Interpretability and safety

Perhaps the most pressing reason AI companies have for investing in interpretability research is to find better ways of erecting “guardrails” around large language models. If a model is prone to outputting toxic speech, researchers typically study the responses of the systems to a variety of potentially risky prompts, then place limitations on what the model can say, or bar the model from responding to certain prompts entirely.

But that method has real limitations, says Sarah Wiegreffe, a model interpretability researcher at the Allen Institute for AI in Seattle. “It’s certainly limited in the sense that given the vast space of possible inputs the model could receive, and the vast space of possible outputs it could generate, it would be pretty difficult to reasonably enumerate all of the possible scenarios that you might have in the real world,” she says.

Mechanistic interpretability in this context might mean looking deep within the layers of the network to find the crucial calculation that led to an unsafe output. “So, for example, there is some recent work showing that if you can localize a certain factual statement in a language model, you can actually edit those weights of the model to essentially correct that,” Wiegreffe says. “You can do model surgery . . . to fix things that are incorrect without needing to retrain the entire system.”

But tweaking a large language model’s proclivity toward one harmful behavior might hobble its tendencies toward other behaviors we like. Explicit “do not say” commands might, for example, limit the model’s creative and improvisational capabilities. That’s a compelling argument for using less invasive ways of “steering” a model.

In fact, many in the AI community remain skeptical of the need for neuron-by-neuron mechanistic interpretability to guarentee the near-term and long-term safety of AI systems.

“I don’t think it’s the best way to study an intelligent system, given the timelines we’re working with,” Cohere’s Gomez says.

Indeed, with capitalist forces now pushing tech companies to get LLMs into production in every industry, and, soon, into use in personal technology (Alexa and Siri, for example), the AI community may not have so long to increase their understanding of how LLMs work.

“The naive approach is to simply ask the system to cite its sources,” Gomez says. “I believe in the naive approach. As these systems begin being used for more important tasks, we’ll have to demand that they base their outputs on facts.”

No benchmarks

While ample benchmarks exist for measuring the performance of language models (like standardized tests for AIs), there is yet no common set of benchmarks for measuring the interpretability of LLMs. The industry hasn’t, for example, adopted something like OpenAI’s scoring system for interpreting the output of a single neuron in an LLM.

Rather, you have a lot of researchers doing their best to shine flashlights on things inside a very, very large black box. “We don’t yet have the metric or benchmark that we could all agree on and work toward,” Batson says. “We have the phenomena that we understand, and we’re putting together the big picture right now.” Researchers publish papers describing new techniques for studying models, and other researchers in the community then try to understand advances are comprehensible and build on existing intuitions.

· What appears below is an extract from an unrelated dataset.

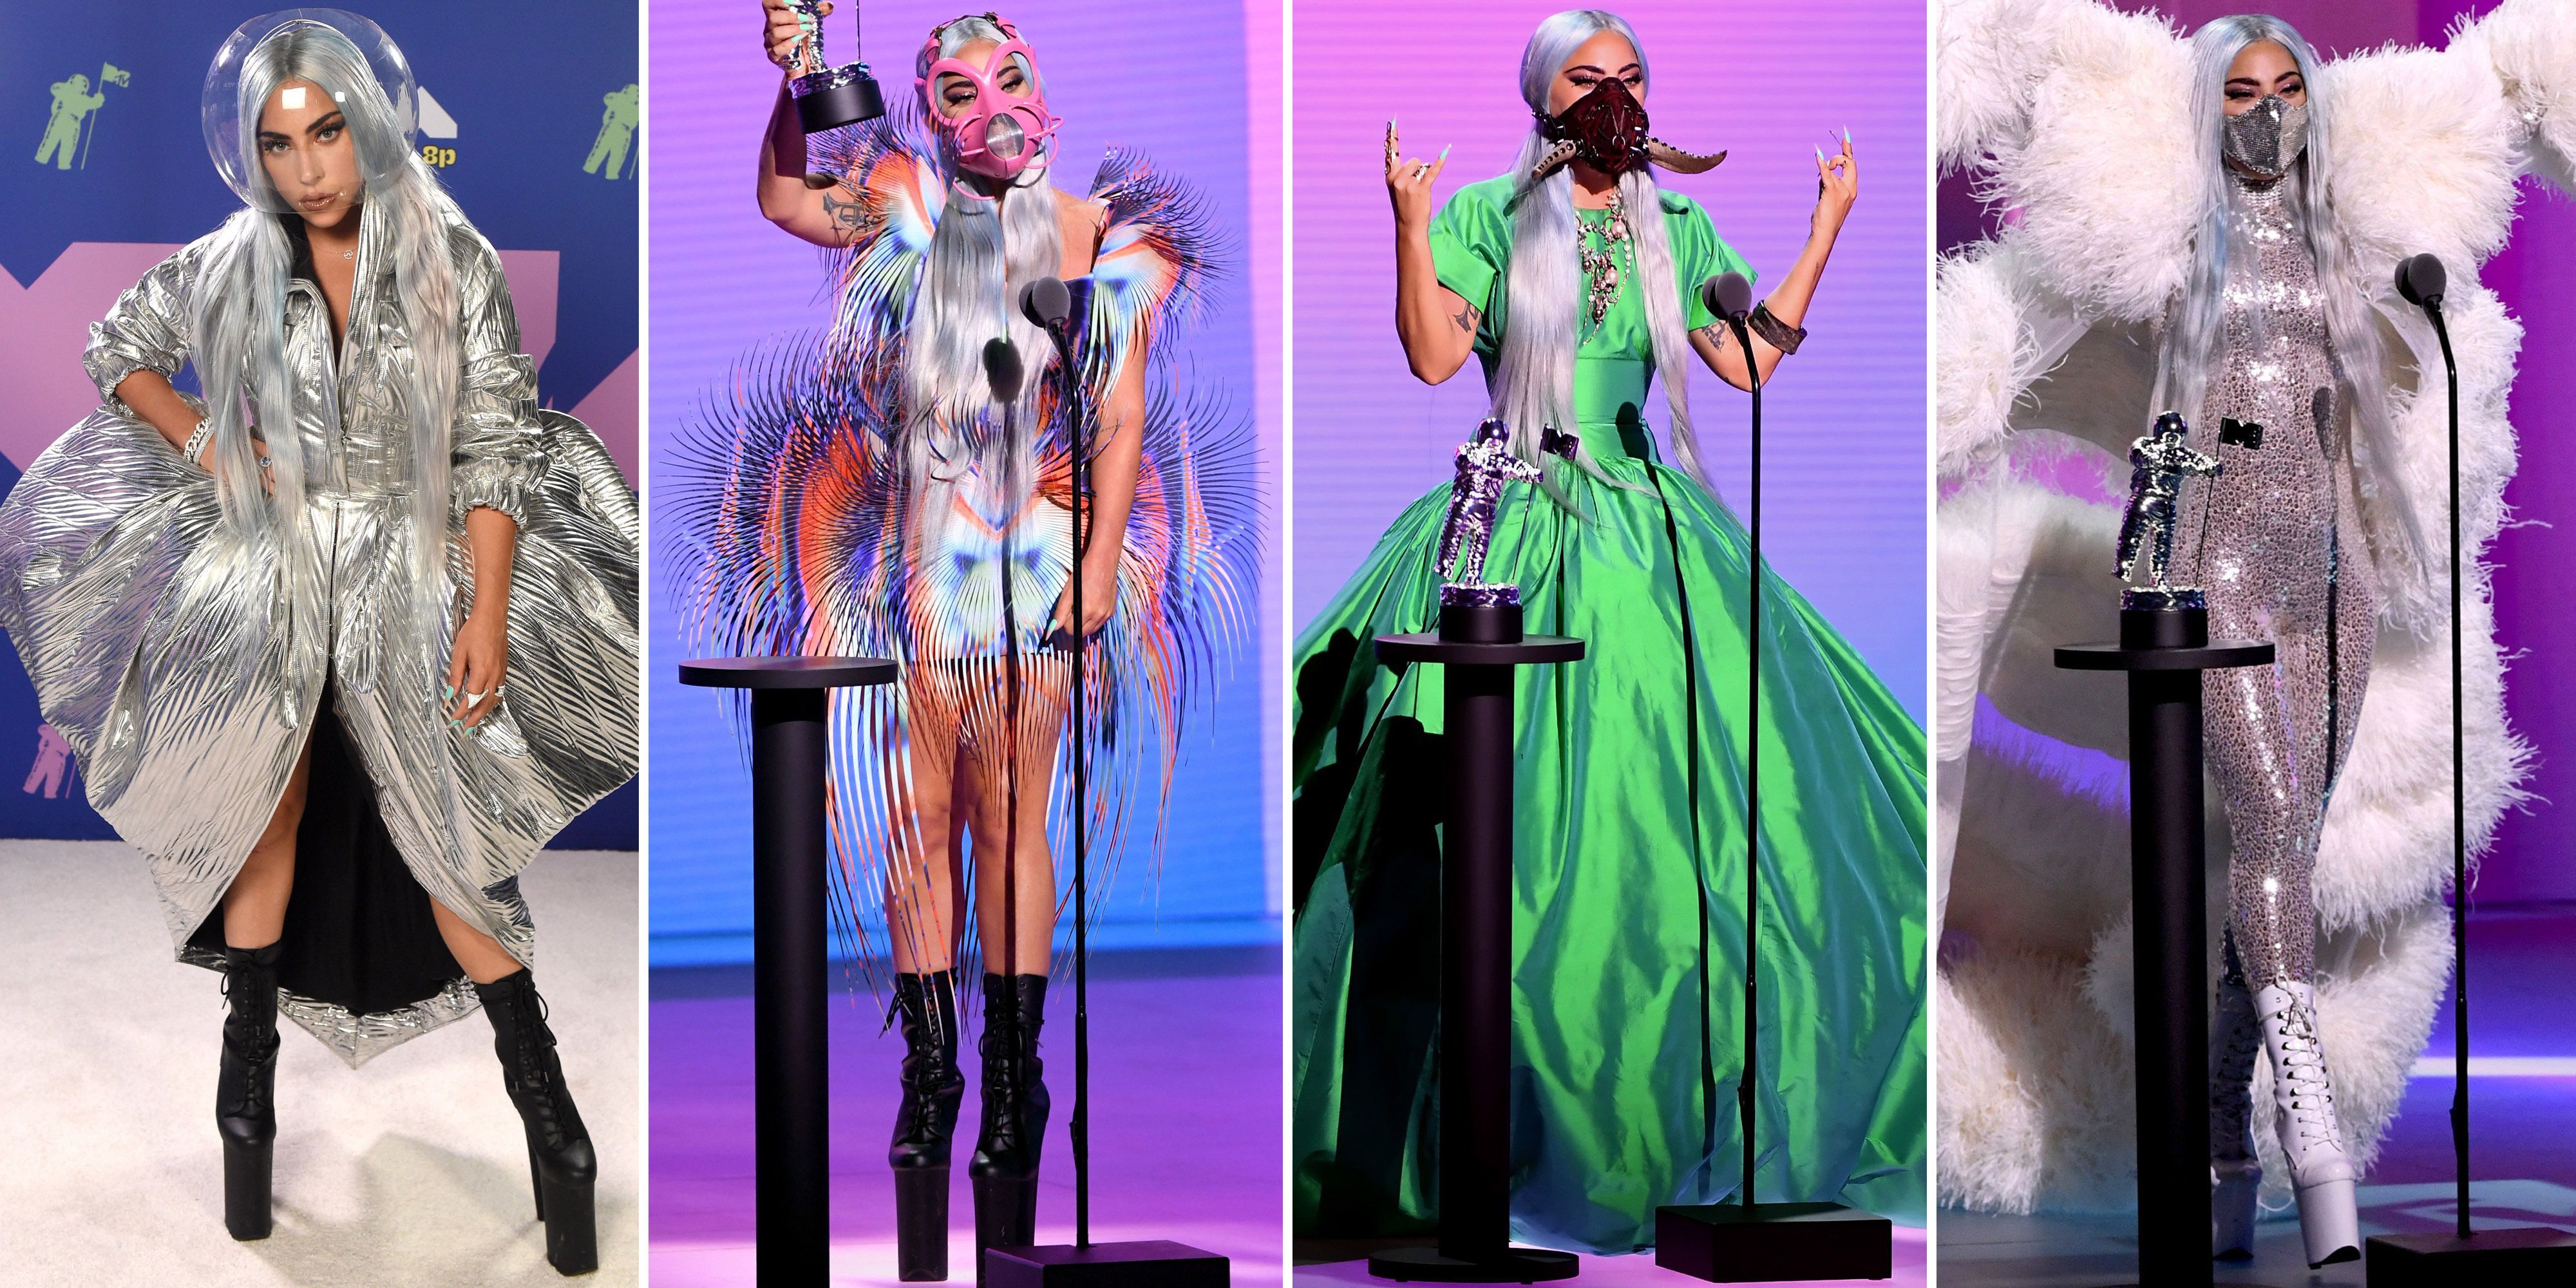 Outfits at the 2020 Video Music Awards

“You definitely know when you see it,” Batson says. “You’re like ‘Oh okay, this is a much better picture of what’s going on.”

Interpretability and the ‘alignment problem’

While the near-term safety of LLMs is important, and will continue to be, the LLMs of the future may present far more serious threats than just toxic outputs. The researcher and philosopher Eliezer Yudkowsky has been raising the alarm that as LLMs get better and far outpace humans in intellegence, and as they become more autonomous, chances are very high that they will begin acting against the interests of humankind.

That eventuality may be more likely than you think. Let’s suppose that LLMs continue getting better at learning and reasoning, and better able to capture data (real-time visual and audio data, perhaps) that ground them in the real world, and that they begin to share data and train each other. Let’s also assume that LLMs (and not some other type of AI) end up being the path to AGI, or artificial general intelligence, far exceeding human intelligence in important ways. Without a thorough (mechanistic) understanding of the early antecedents of these powerful future LLMs, can we realistically expect to manage these AIs in every stage of their development so that they remain aligned with human interests, and disinclined to act against us or even do away with us?

There is disagreement on this question. Both Yudkowsky and Hinton have grave doubts that humans will be able to manage alignment in AI systems, and neither believe that acheiving mechanistic inpretability in these systems is a silver bullet.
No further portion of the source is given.